I put the guitar down to look for the guy, but he is already standing behind the counter.
Hmm, intuitive.
“So whadid ya think?” he asks, looking up and down with narrowed eyes and fiddling with something out of sight.
“Yeah. It’s great, but not for me,” I reply, scratching my chin as if I have a beard. “How much is it going for?” I lift the guitar off my lap from the base of its neck, rest it face up on the ground, bend over with my legs spread like a bloke in dirty ripped jeans, and examine the almost unnoticeable scratches on the body as if a little shortsighted.
“Um, that one’s going for two thou, but if it’s too expensive for ya, we’ve got another goldtop, but it’s a 1975 DeLux with a mini-humbucker. Its neck is made from maple instead of mahogany, though. Not really the best quality if ya ask me.” He stops whatever he’s doing behind the counter and points behind him with his thumb toward the back room.

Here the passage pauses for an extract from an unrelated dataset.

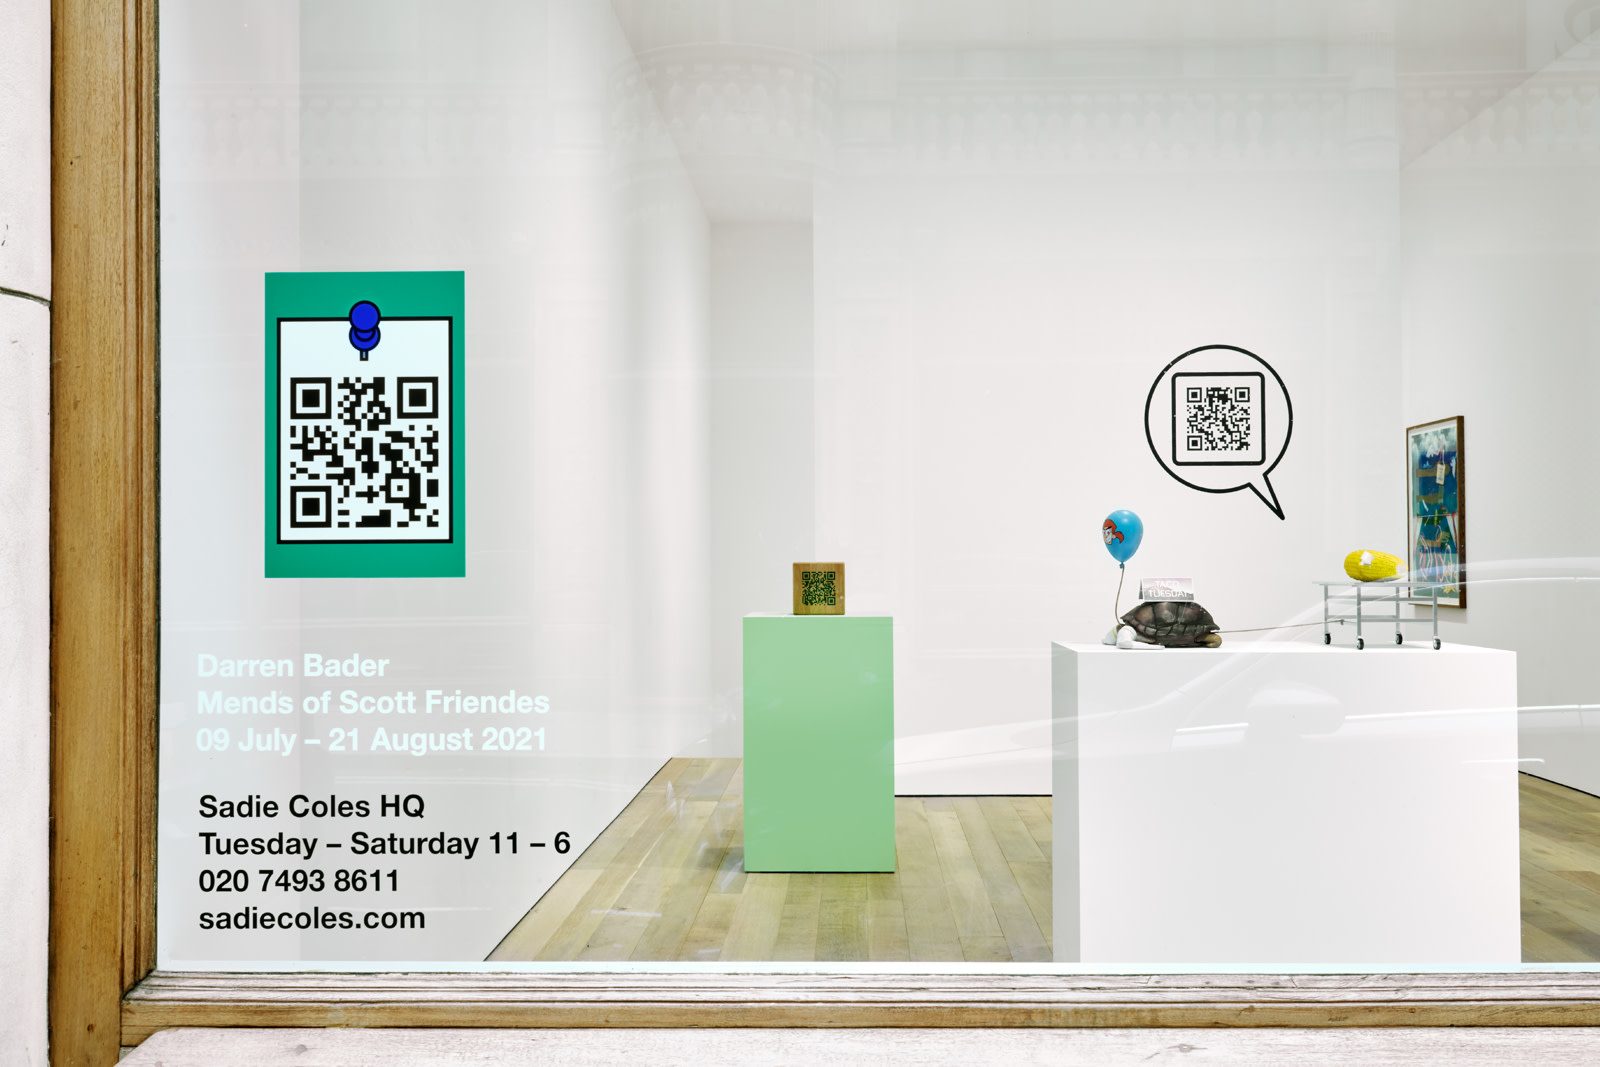 "<div class=""artwork_caption""><p class=""p1"">Installation view,Darren Bader,<i>Mends of Scott Friendes</i>, Sadie Coles HQ, 8 Bury Street SW1Y, 9 July - 21 August 2021</p><p class=""p1"">Photography byRobert Glowacki</p></div>"
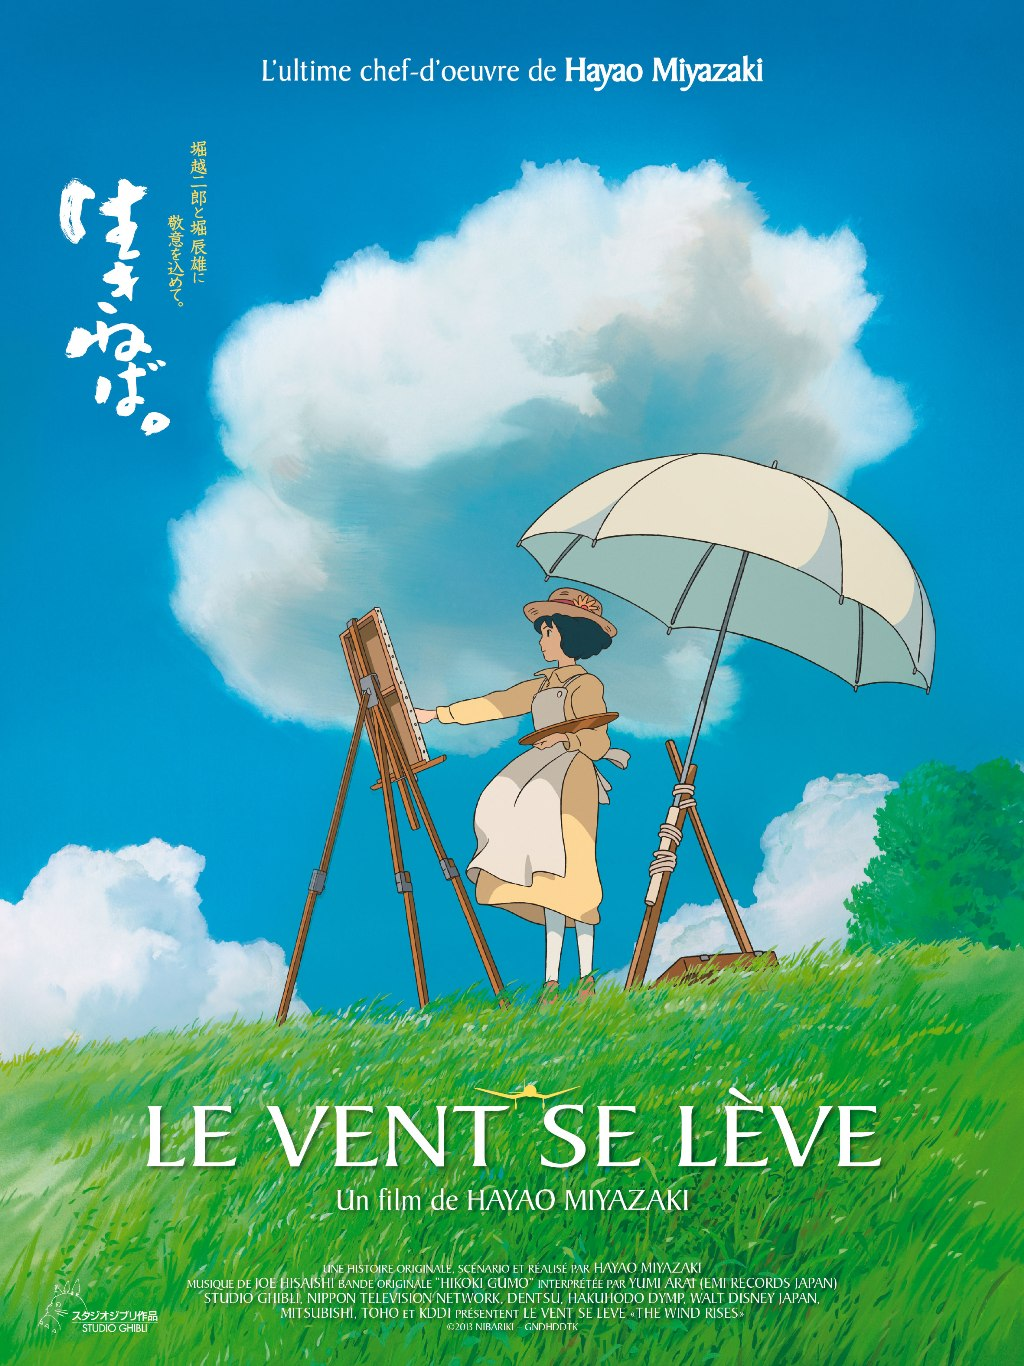 le-vent-se-leve-affiche-du-dernier-hayao-miyazaki-affiche.jpg

“Um, yeah, they didn’t sell too well if I remember correctly.” I click my tongue. “Look, I just live a couple of blocks down, can I think it over?” I ask, hoping not to sound as if I’m just being polite. I would really like to get it for Dad, but not sure if I can afford it. Maybe I’ll ask Mum for some input. Make it a joint gift.
“Sure, no probs … um, you wanna take a card?” he asks, with a scrutinizing look in his eye. I’m positive he’s trying to sum me up. Here I am, dressed in black tailored pants and a white shirt, with scraggly wet hair and a bikini strap sticking out of my collar, talking about guitars like an expert.
“Yeah, why not. Thanks,” I say, smiling at the back of his head as he turns to find one. I wonder why he isn’t he asking me which part of Australia I’m from. They all do—usually—expecting the world to have shrunk to the size of one city:
Oh, you’re from Melbourne, hey? Well, maybe you’ve met my cousin, aunt, sister ….
Or they think because you’re from the same country, you must have common interests:
Oh, my daughter lives there, maybe you two can go for coffee next time you’re Down Under?
The guy holds out the card like one would hold a cigarette. I take it and slip it into my trouser pocket.
“Ta.” I open the shop door to leave, but the guy says, “Um, by the way, we’ve also got a really nice Gibson acoustic Hummingbird, out the back. I haven’t displayed it because it’s been really bashed around. There’s no logo or markings left on it anywhere. It was one of the very first—a 1962 model. You wanna give it go?”